§ Task description: When copying the data below, keep only the lines from the one with "现代简约办公室装修,能达到简洁明快,宽敞舒适的效果." through the one with "Duracell HIGH POWER", word for word, and skip the pictures.

§ Source information:
────────────────

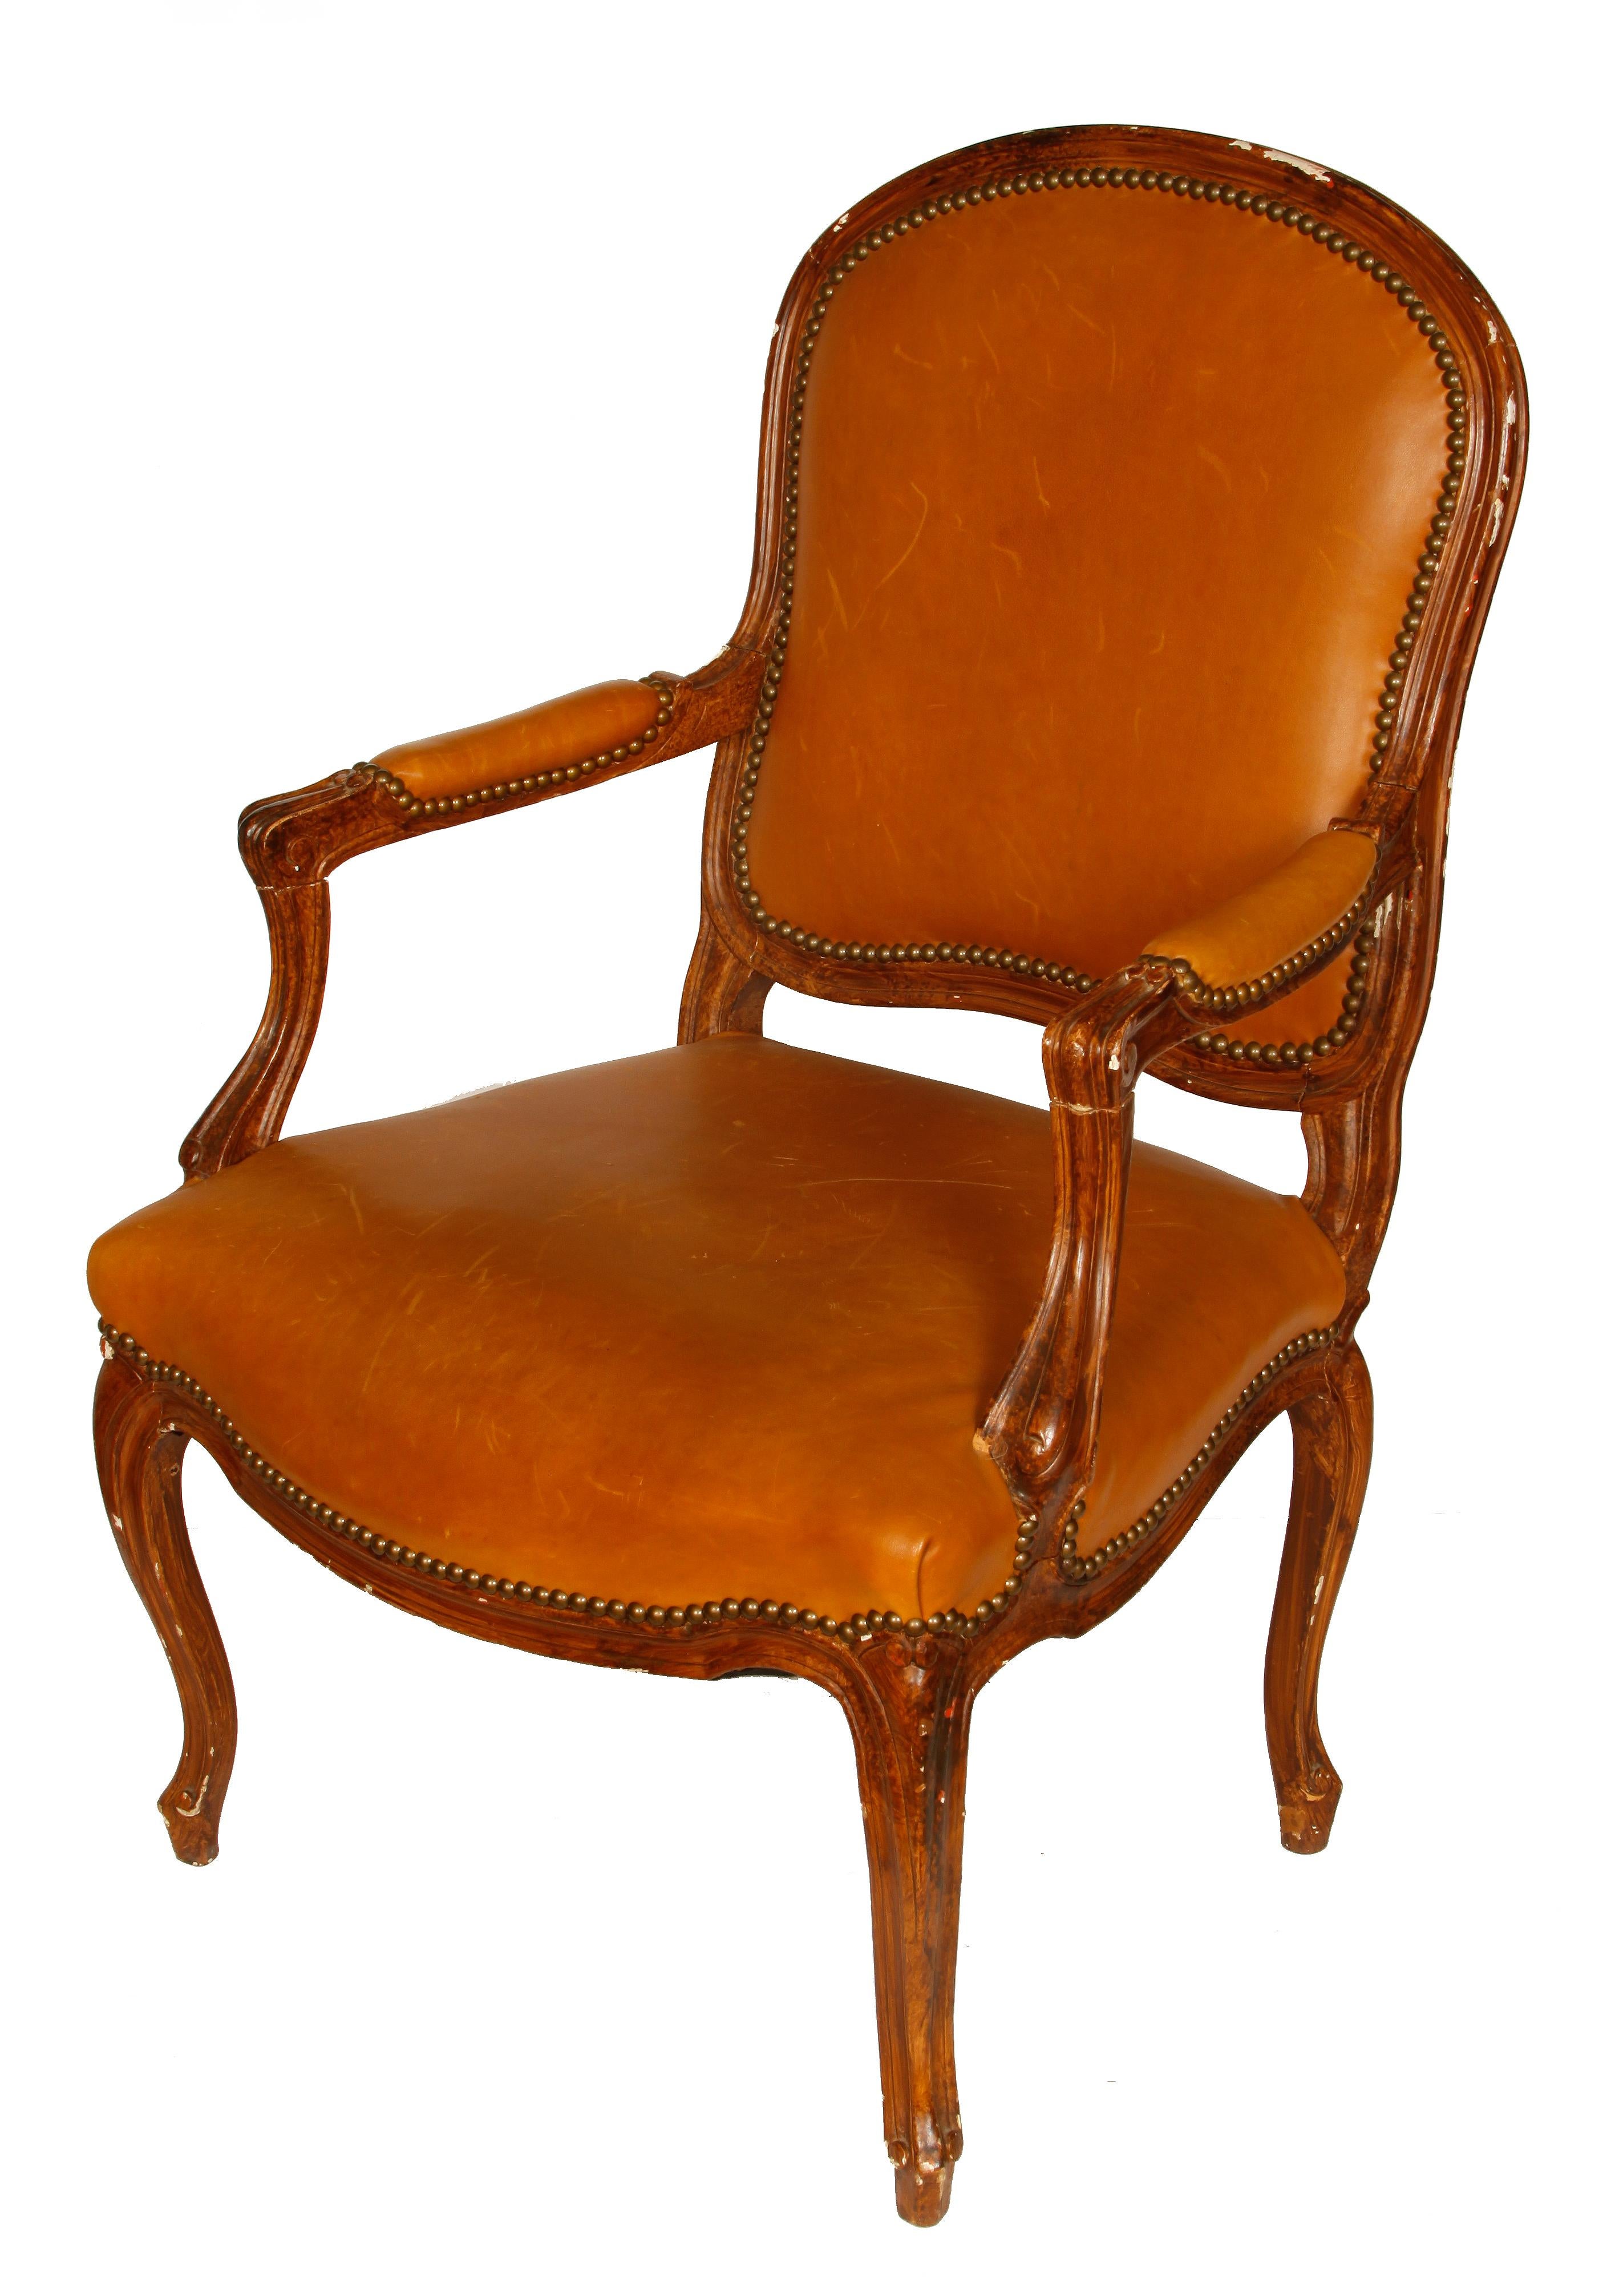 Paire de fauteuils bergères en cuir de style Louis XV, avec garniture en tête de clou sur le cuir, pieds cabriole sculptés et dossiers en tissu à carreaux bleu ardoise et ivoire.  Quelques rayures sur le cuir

────────────────

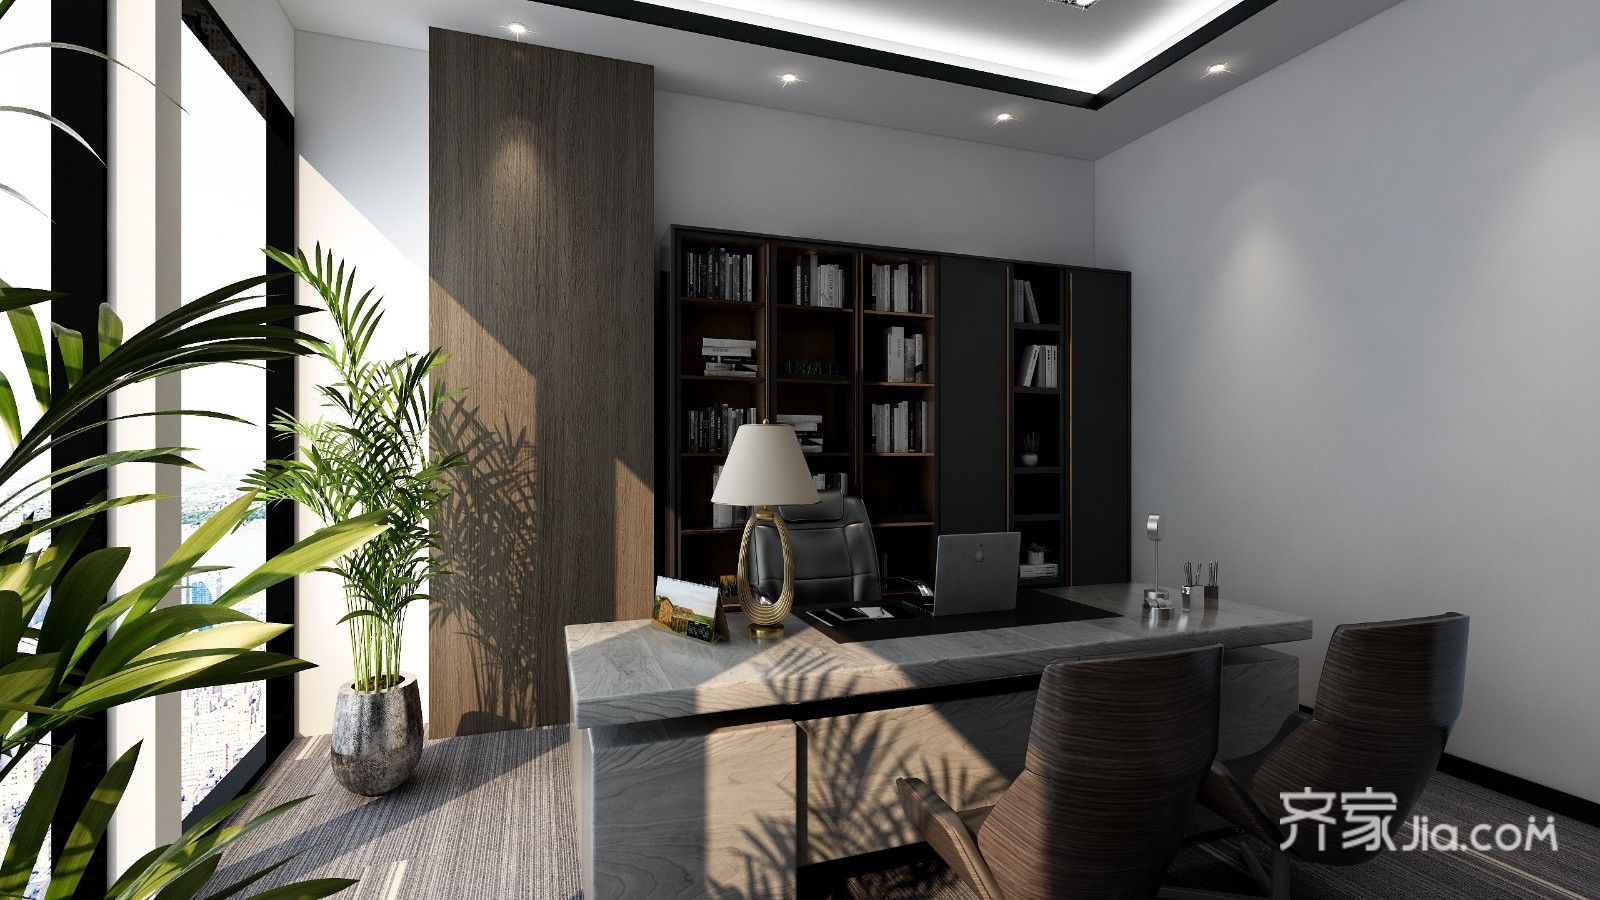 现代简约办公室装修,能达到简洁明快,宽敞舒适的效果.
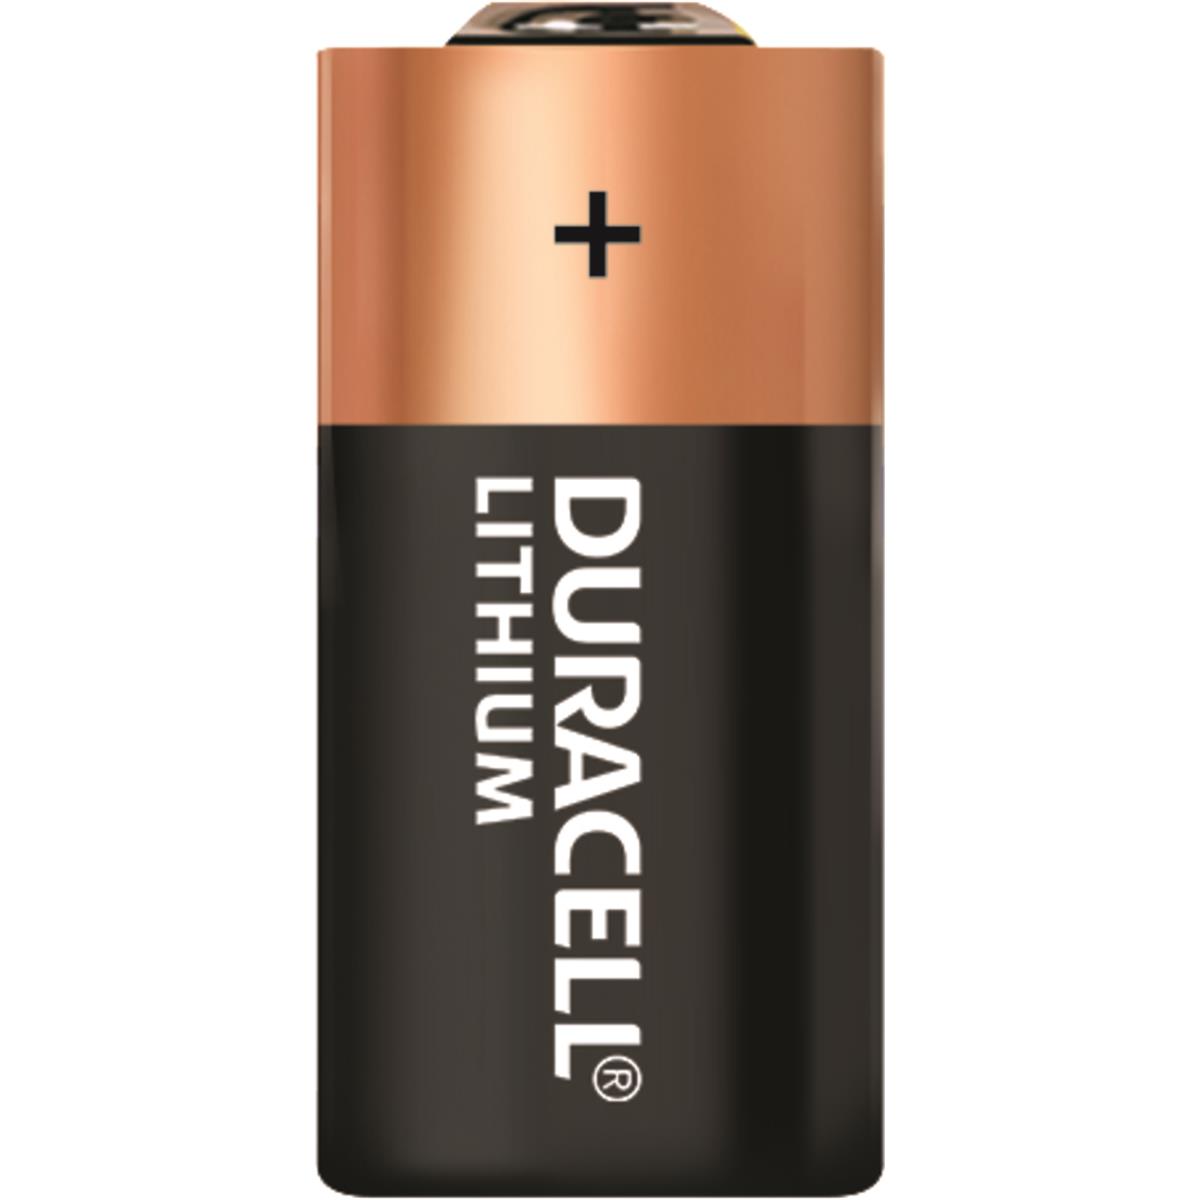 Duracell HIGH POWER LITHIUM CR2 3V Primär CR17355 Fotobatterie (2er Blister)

────────────────

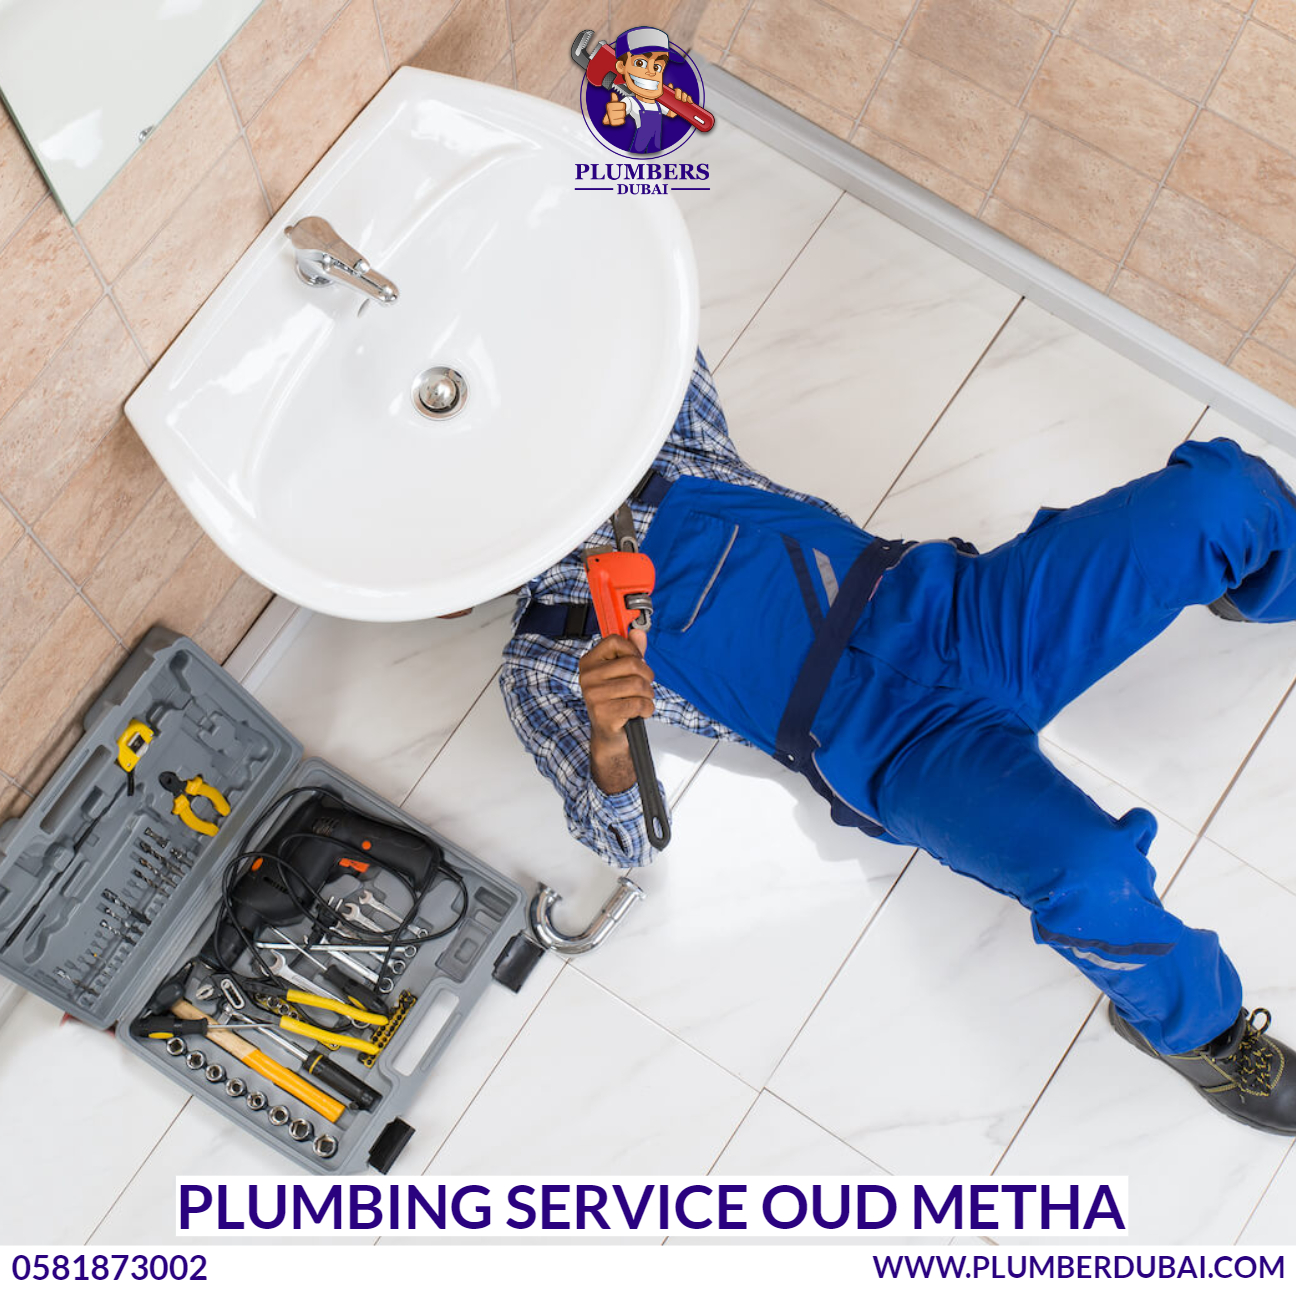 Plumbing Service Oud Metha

────────────────

§ Output for this task:
 现代简约办公室装修,能达到简洁明快,宽敞舒适的效果.
 Duracell HIGH POWER LITHIUM CR2 3V Primär CR17355 Fotobatterie (2er Blister)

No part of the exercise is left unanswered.